In context: The primary iteration of high-bandwidth reminiscence (HBM) was considerably restricted, solely permitting speeds of as much as 128 GB/s per stack. Nonetheless, there was one main caveat: graphics playing cards that used HBM1 had a cap of 4 GB of reminiscence resulting from bodily limitations.

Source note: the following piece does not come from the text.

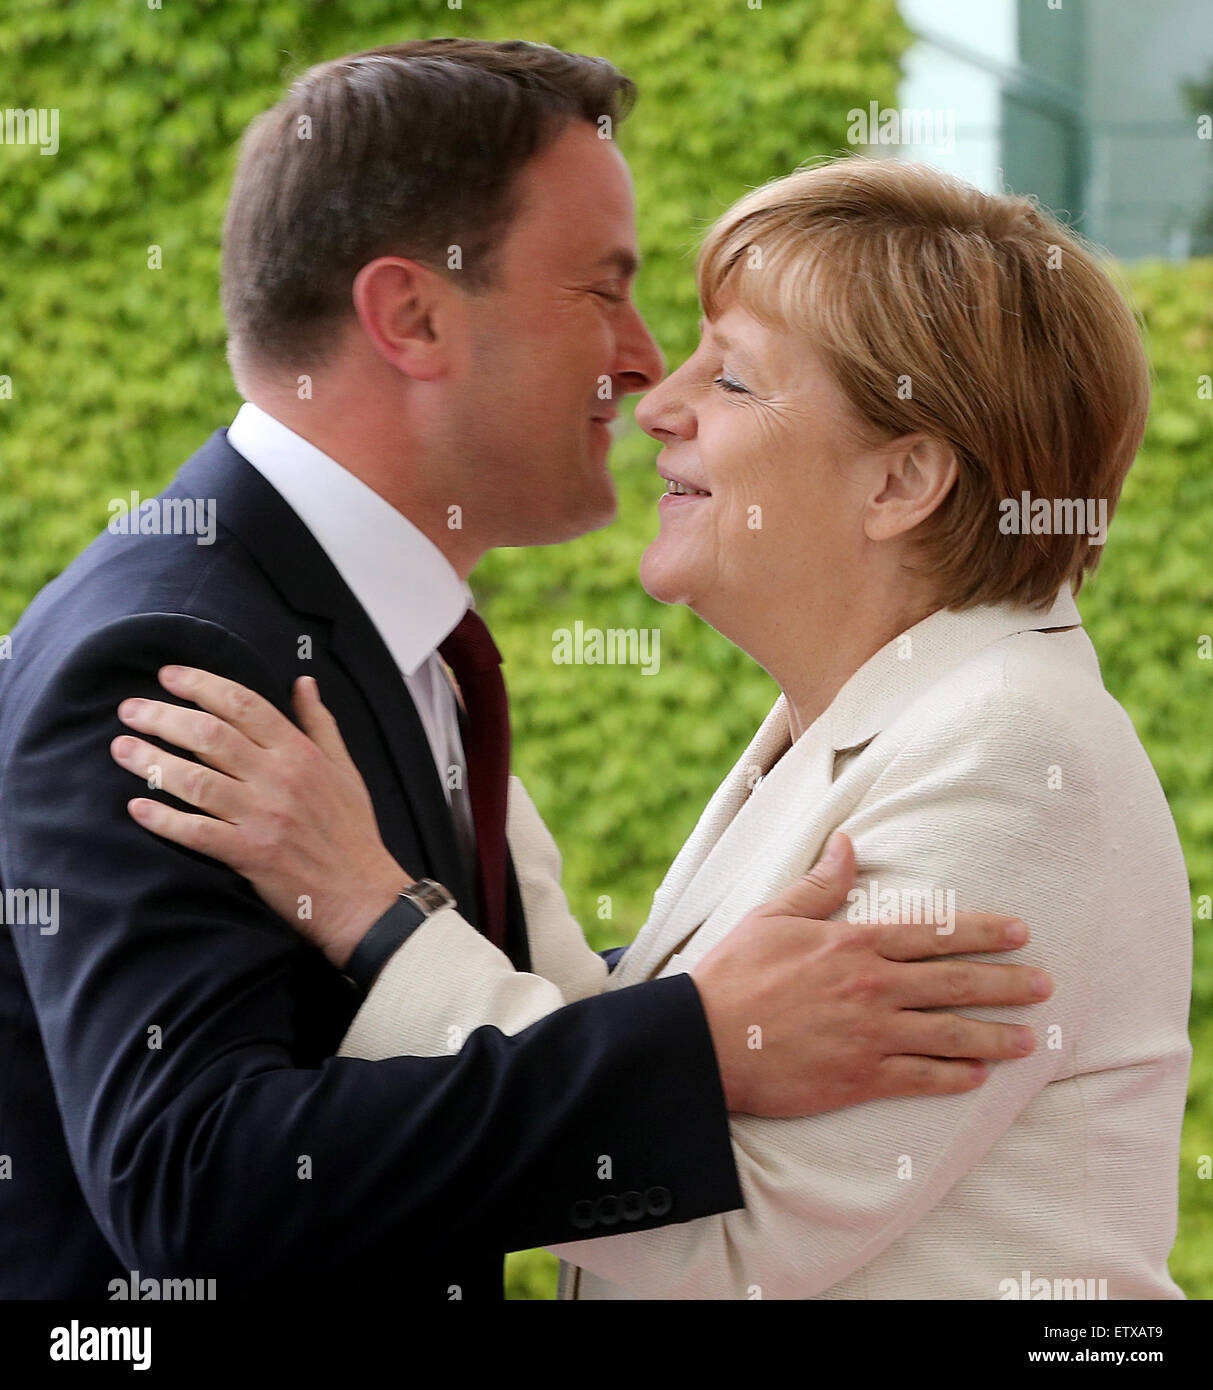 Berlino, Germania. 16 Giugno, 2015. Il cancelliere tedesco Angela Merkel riceve il primo ministro del Lussemburgo Xavier Bettel presso la cancelleria federale a Berlino, Germania, 16 giugno 2015. Foto: WOLFGANG KUMM/dpa/Alamy Live News Foto Stock

Nonetheless, over time HBM producers resembling SK Hynix and Samsung have improved upon HBM’s shortcomings.
HBM2 doubled potential speeds to 256 GB/s per stack and most capability to eight GB. In 2018, HBM2 acquired a minor replace referred to as HBM2E, which additional elevated capability limits to 24 GB and introduced one other velocity enhance, ultimately hitting 460 GB/s per chip at its peak.
When HBM3 rolled out, the velocity doubled once more, permitting for a most of 819 GB/s per stack. Much more spectacular, capacities elevated almost threefold, from 24 GB to 64 GB. Like HBM2E, HBM3 noticed one other mid-life improve, HBM3E, which elevated the theoretical speeds as much as 1.2 TB/s per stack.

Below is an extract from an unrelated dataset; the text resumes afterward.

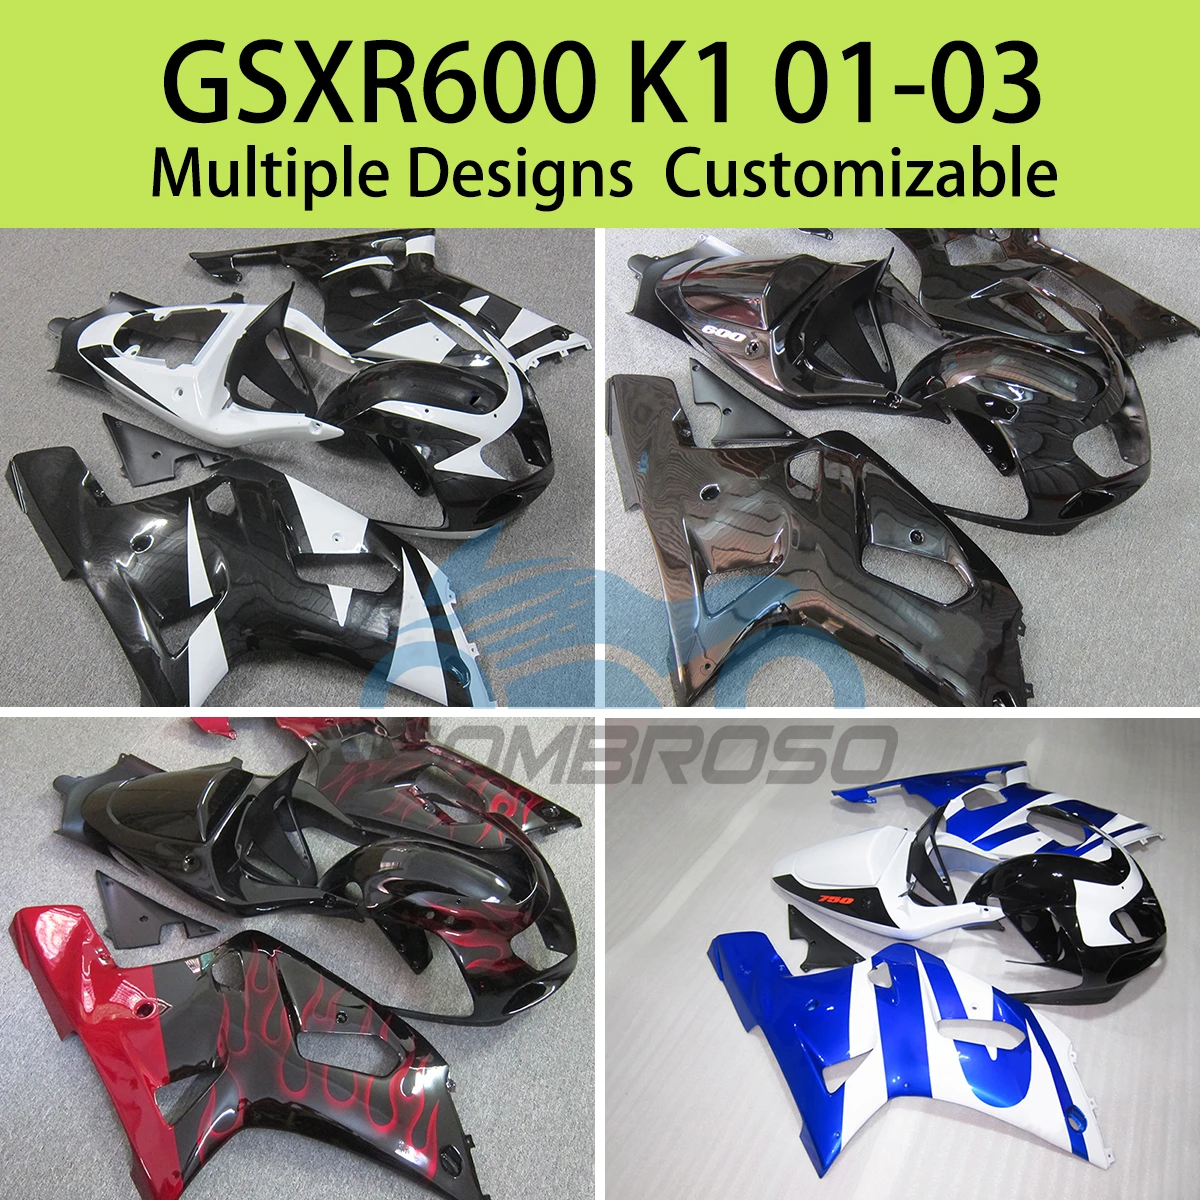 

For SUZUKI GSXR600 GSXR750 K1 2001 2002 2003 Motorcycle Fairings GSXR 600 750 01 02 03 ABS Injection Fairing Kit

Alongside the best way, HBM slowly bought changed in consumer-grade graphics playing cards by extra inexpensive GDDR reminiscence. Excessive-bandwidth reminiscence grew to become an ordinary in information facilities, with producers of workplace-focused playing cards opting to make use of the a lot sooner interface.
All through the varied updates and enhancements, HBM retained the identical 1024-bit (per stack) interface in all its iterations. In keeping with a report out of Korea, this will likely lastly change when HBM4 reaches the market. If the claims show true, the reminiscence interface will double from 1024-bit to 2048-bit.
Leaping to a 2048-bit interface may theoretically double switch speeds once more. Sadly, reminiscence producers is likely to be unable to take care of the identical switch charges with HBM4 in comparison with HBM3E. Nonetheless, the next reminiscence interface would permit producers to make use of fewer stacks in a card.
For example, Nvidia’s flagship H100 AI card at present makes use of six 1024-bit recognized good stacked dies, which permits for a 6144-bit interface. If the reminiscence interface doubled to 2048-bit, Nvidia may theoretically halve the variety of dies to a few and obtain the identical efficiency. After all, it’s unclear which path producers will take, as HBM4 is sort of actually years away from mass manufacturing.
Each SK Hynix and Samsung imagine they may have the ability to obtain a “100% yield” with HBM4 after they start to fabricate it. Solely time will inform if the reviews maintain water, so take the information with a grain of salt.